The excitation electrode 12 consists of reflective electrodes 13 and 14 consisting of 3 ₁ and 14 ₁ , and receives only a signal voltage of a predetermined frequency applied between the terminals 12a and 12b of the excitation electrode 12.
interdigital electrode 12 ₁ to piezoelectric substrate 11
The surface wave is reflected by the grating electrodes 13 ₁ , 14 ₁ of the reflective electrodes 13 , 14 on both sides, and fed back to the excitation electrode 12 again to directly oscillate at a predetermined frequency. , is almost the same as a conventional surface acoustic wave resonator, but in this embodiment, the grating electrodes 13 ₁ ,
14 ₁ and the side surface 17 of the interdigital electrode 12 ₁ are characterized in that the internal angle θ ₂ of the portion 18 where the interdigital electrode 12 1 contacts the piezoelectric substrate 11 is an obtuse angle.

By forming the electrodes 12 ₁ , 13 ₁ , and 14 ₁ in this manner, the soft metal such as aluminum in the portion 18 becomes thicker, making it possible to increase the surface wave reflection efficiency.

The method for forming the electrodes 12 ₁ , 13 ₁ , 14 ₁ described above is to deposit aluminum or the like on one main surface of the piezoelectric substrate 11 by vapor deposition, and to form the electrodes by a photoetching method, which has recently been used for etching semiconductors. ing.

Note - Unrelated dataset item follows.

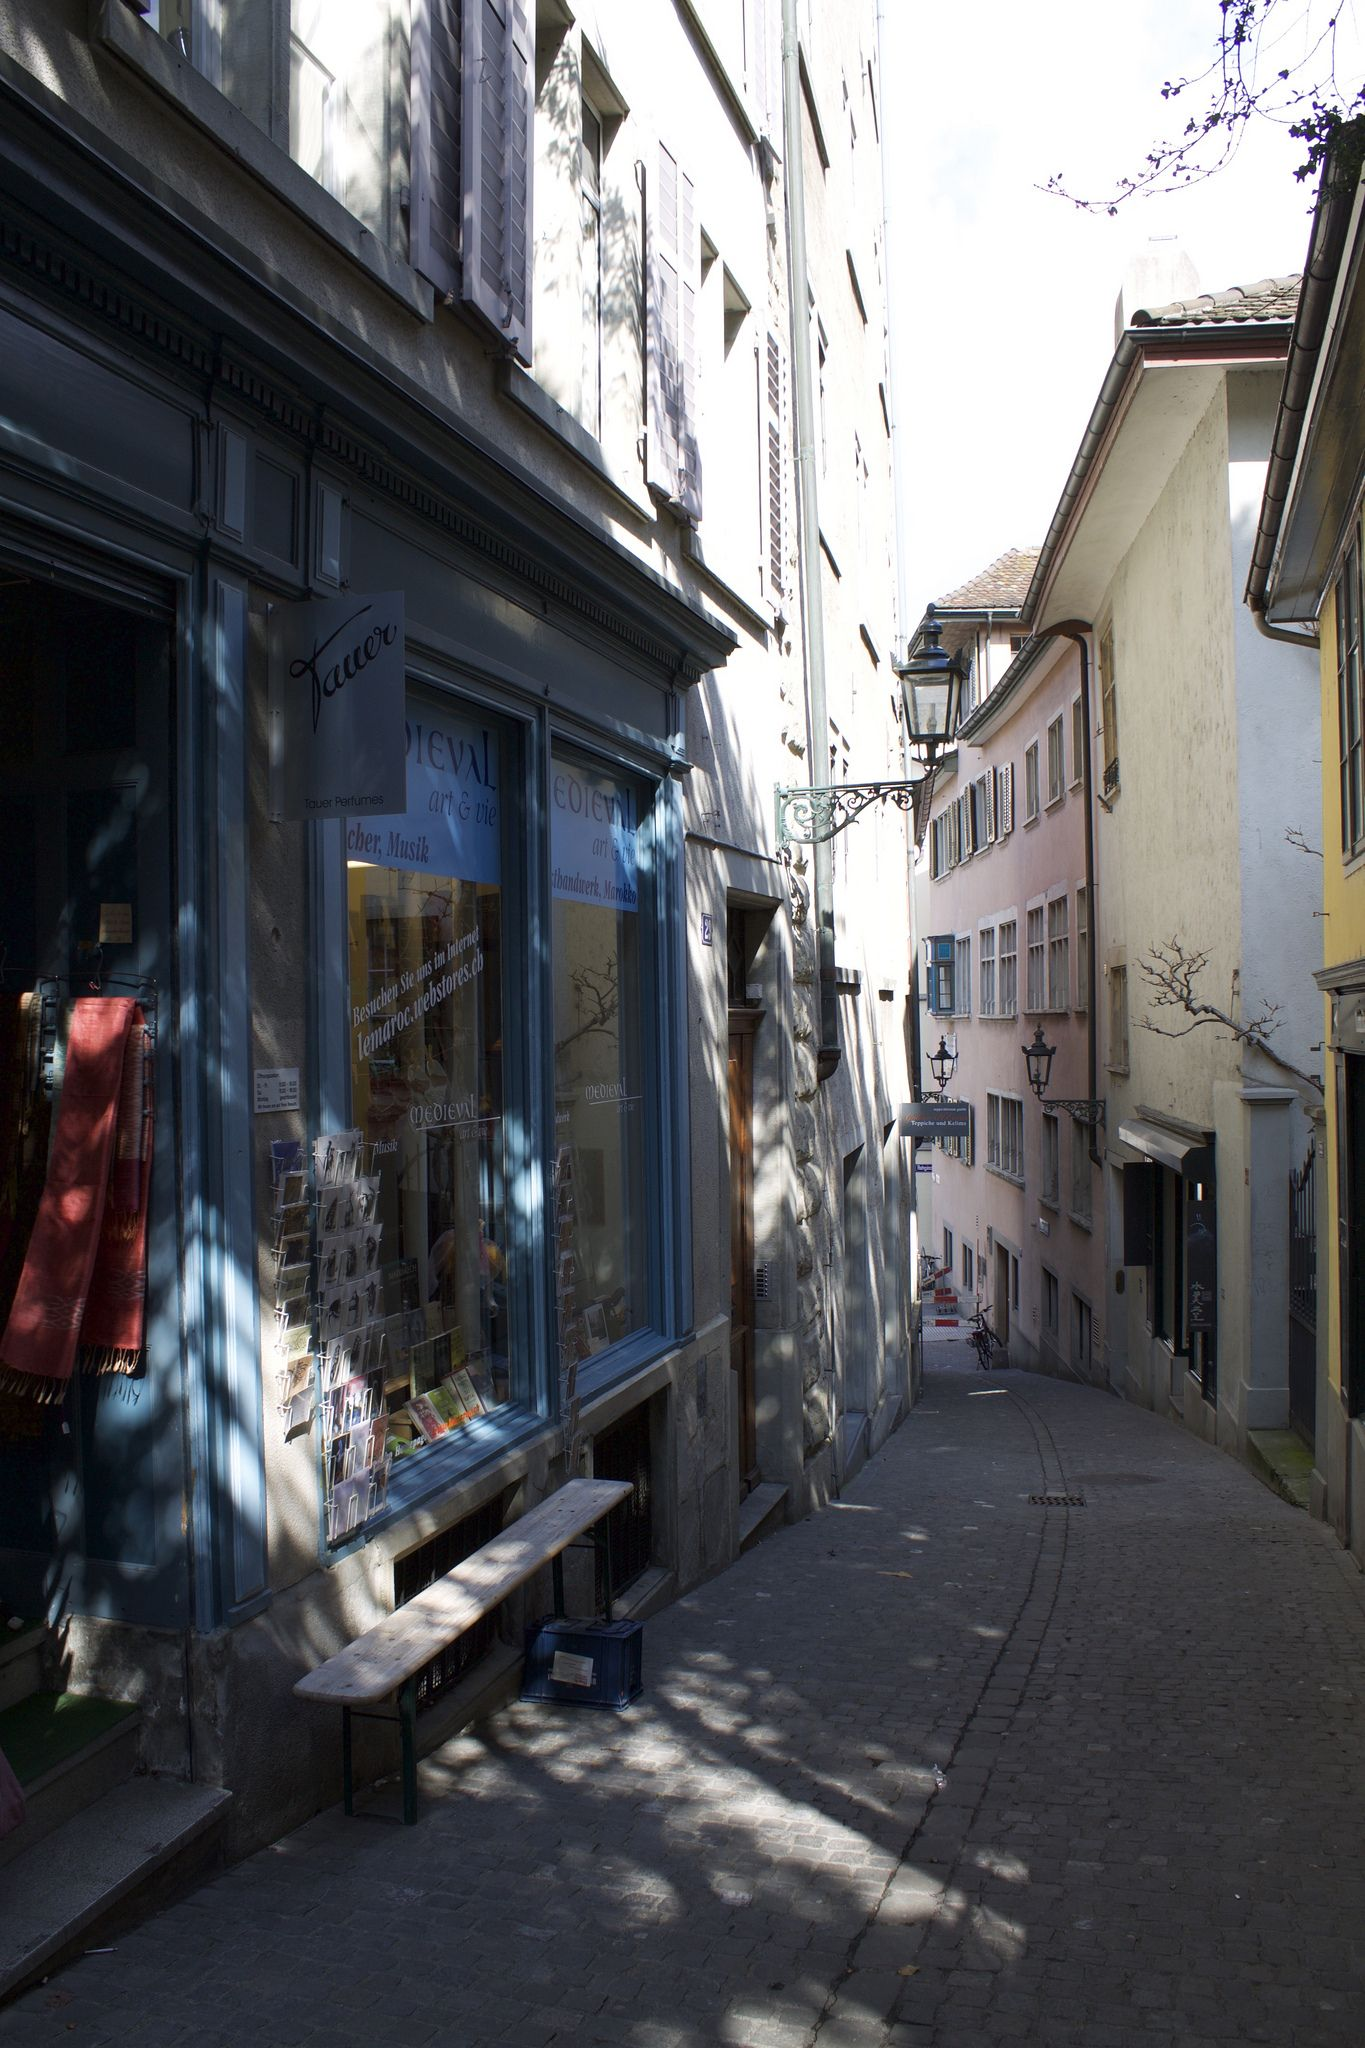 https://flic.kr/p/upDJMh | Zürich | Zürich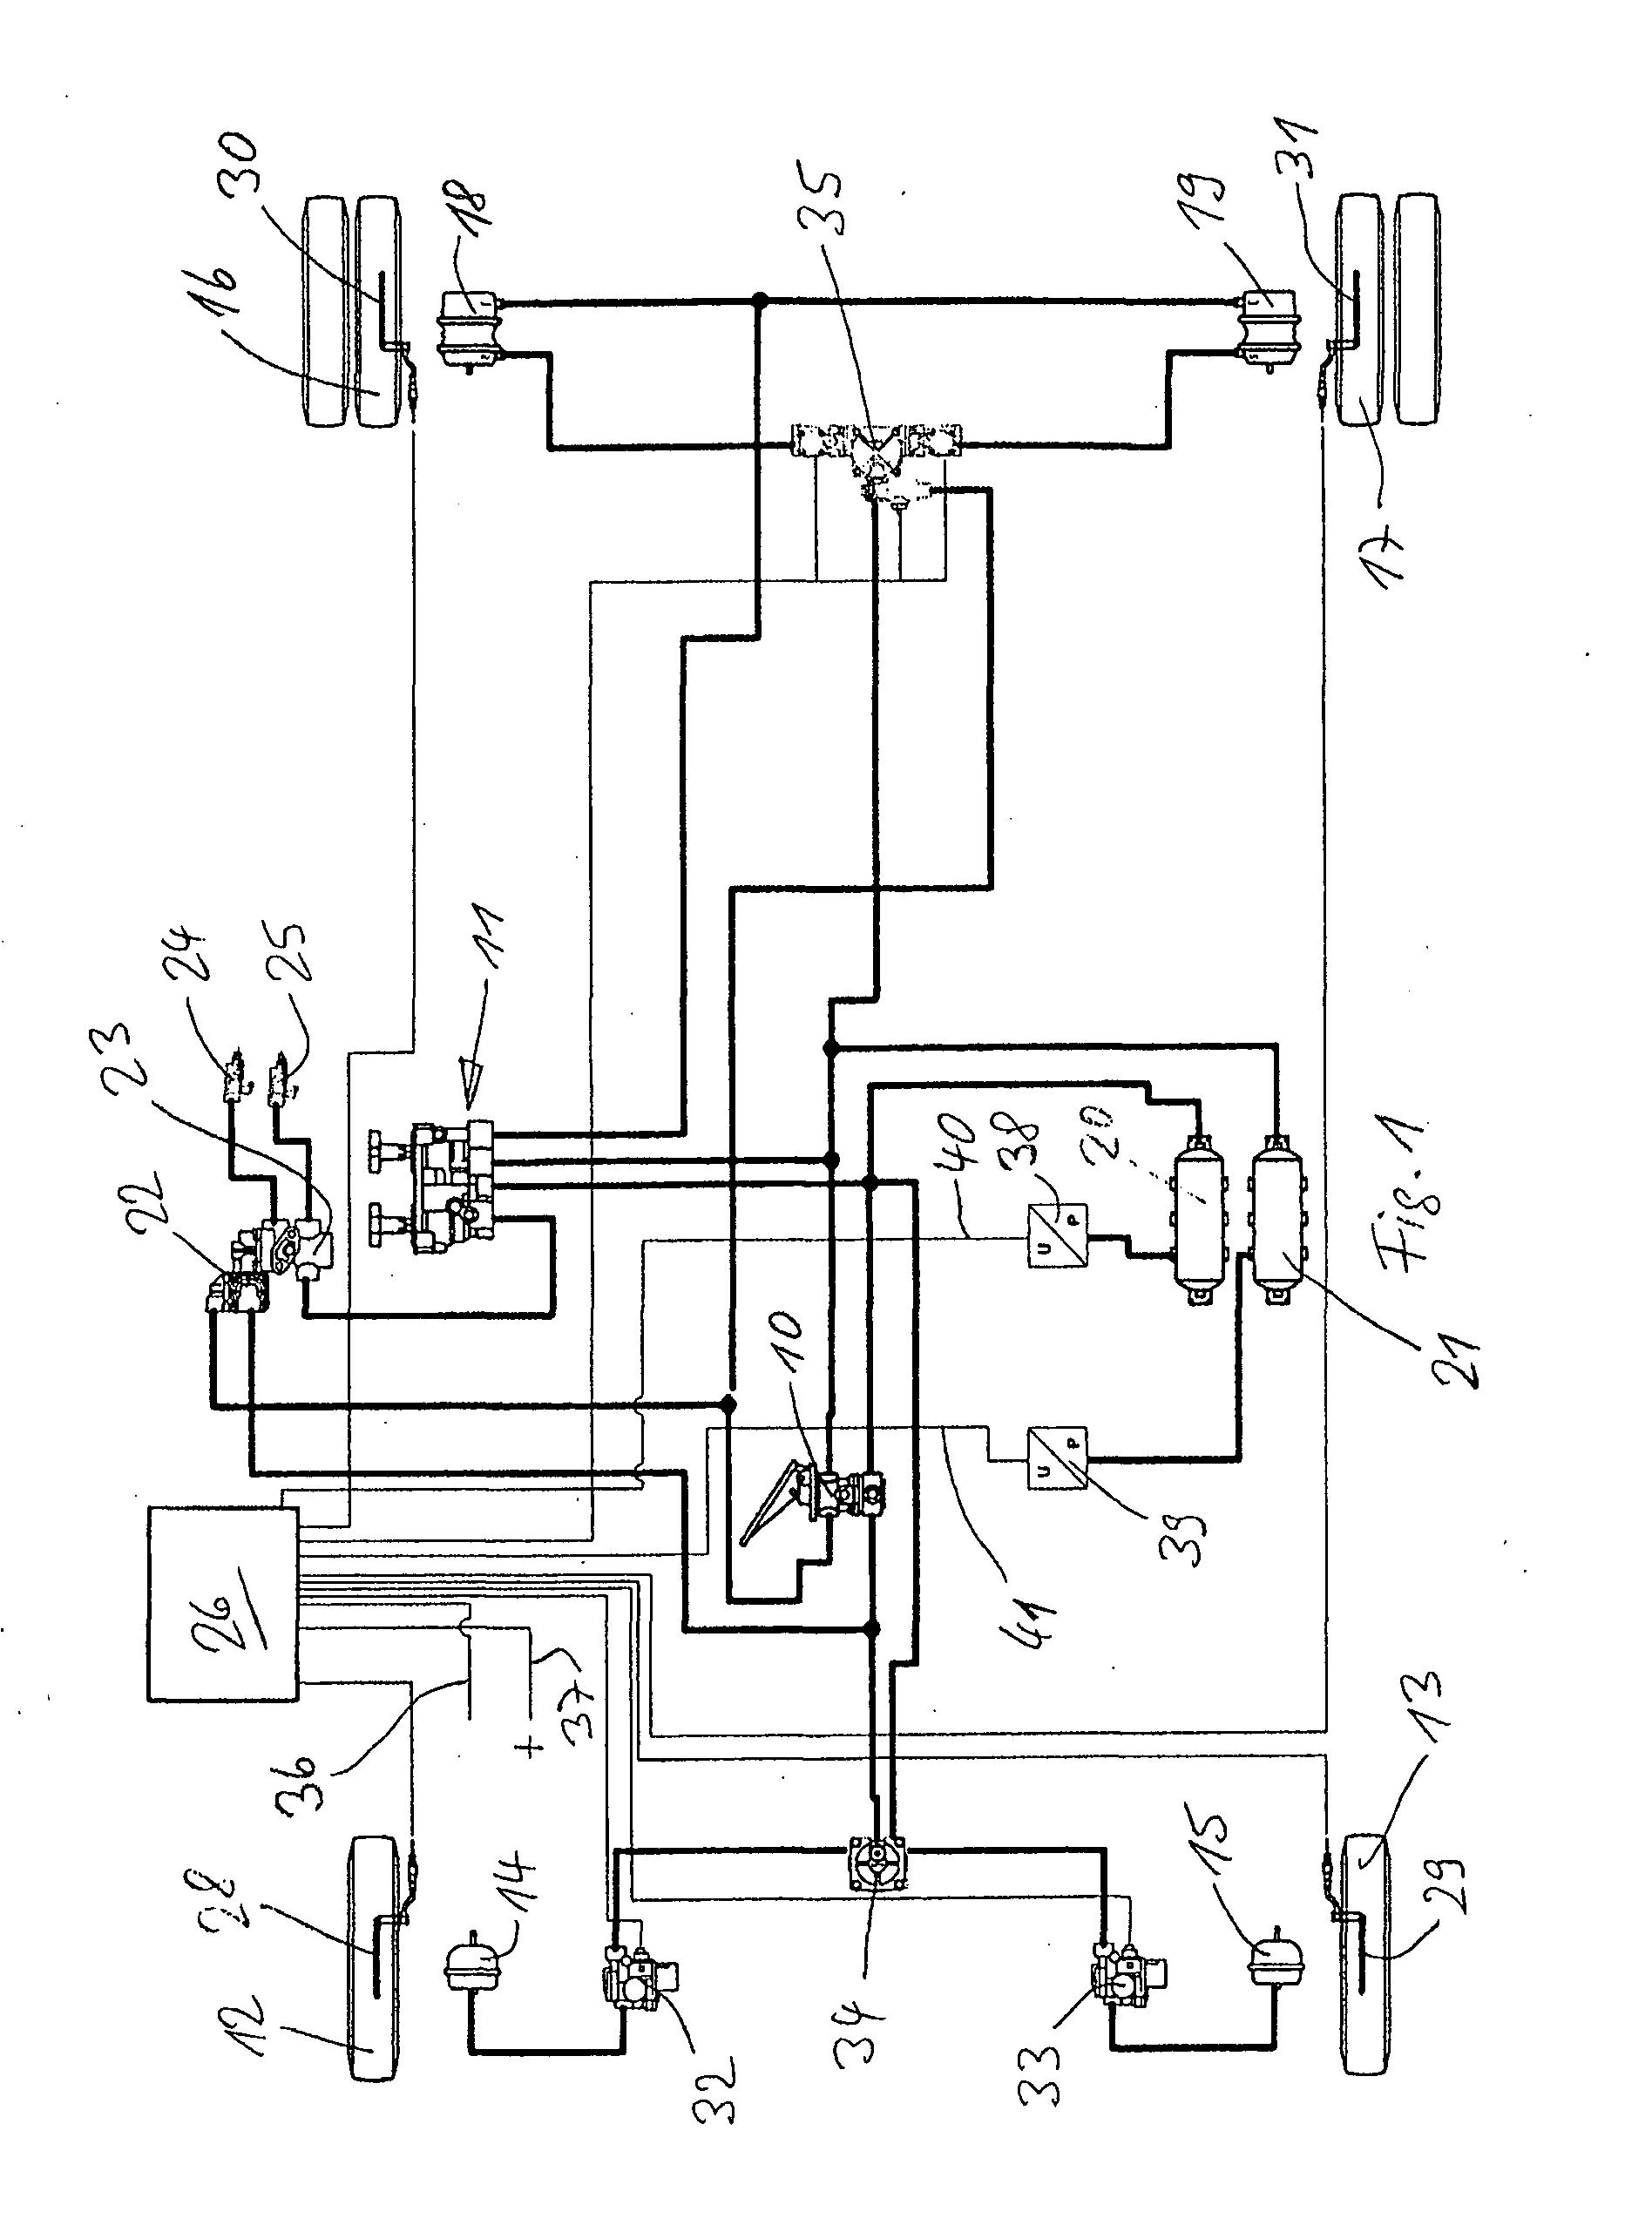 Haldex Modular Wiring Diagram

It can be formed by using a so-called lift-off method.

In the embodiment described above, the grating electrode 1
3 ₁ , 14 ₁ and the interdigital electrode 12 ₁ both have an obtuse internal angle θ ₂ at the portion 18, but this may be done only for the grating electrodes 13 ₁ and 14 ₁ .

[Brief explanation of the drawing]

Figures 1 and 2 are diagrams showing an example of a conventional surface acoustic wave resonator. Figure 1 is a plan view, and Figure 2 is a view of Figure 1 taken along line A-A. 3 and 4 are views showing an embodiment of the surface acoustic wave resonator of the present invention, FIG. 3 is a plan view, and FIG. 4 is a cross-sectional view of FIG. FIG. 2 is an enlarged sectional view of a main part taken along a line. 1, 11... Piezoelectric substrate, 2, 12... Excitation electrode, 2 ₁ , 12 ₁ ... Interdigital electrode, 3,
4, 13, 14...Reflecting electrode, 3 ₁ , 4 ₁ , 13 ₁ ,
14 ₁ ... grating electrode, 5, 15 ... photoresist film, θ ₁ , θ ₂ ... interior angle.

Claims (1)

[Claims for Utility Model Registration] An excitation electrode composed of at least an interdigital electrode formed on one main surface of a piezoelectric substrate, and reflective electrodes arranged on both sides of this excitation electrode and each composed of a plurality of grating electrodes. In the surface acoustic wave resonator provided with the surface acoustic wave resonator, an internal angle θ ₂ of a portion where at least the side surface of the grating electrode contacts the piezoelectric substrate among the side surface of the grating electrode and the side surface of the interdigital electrode is determined by a reflection characteristic. A surface acoustic wave resonator characterized by a good obtuse angle.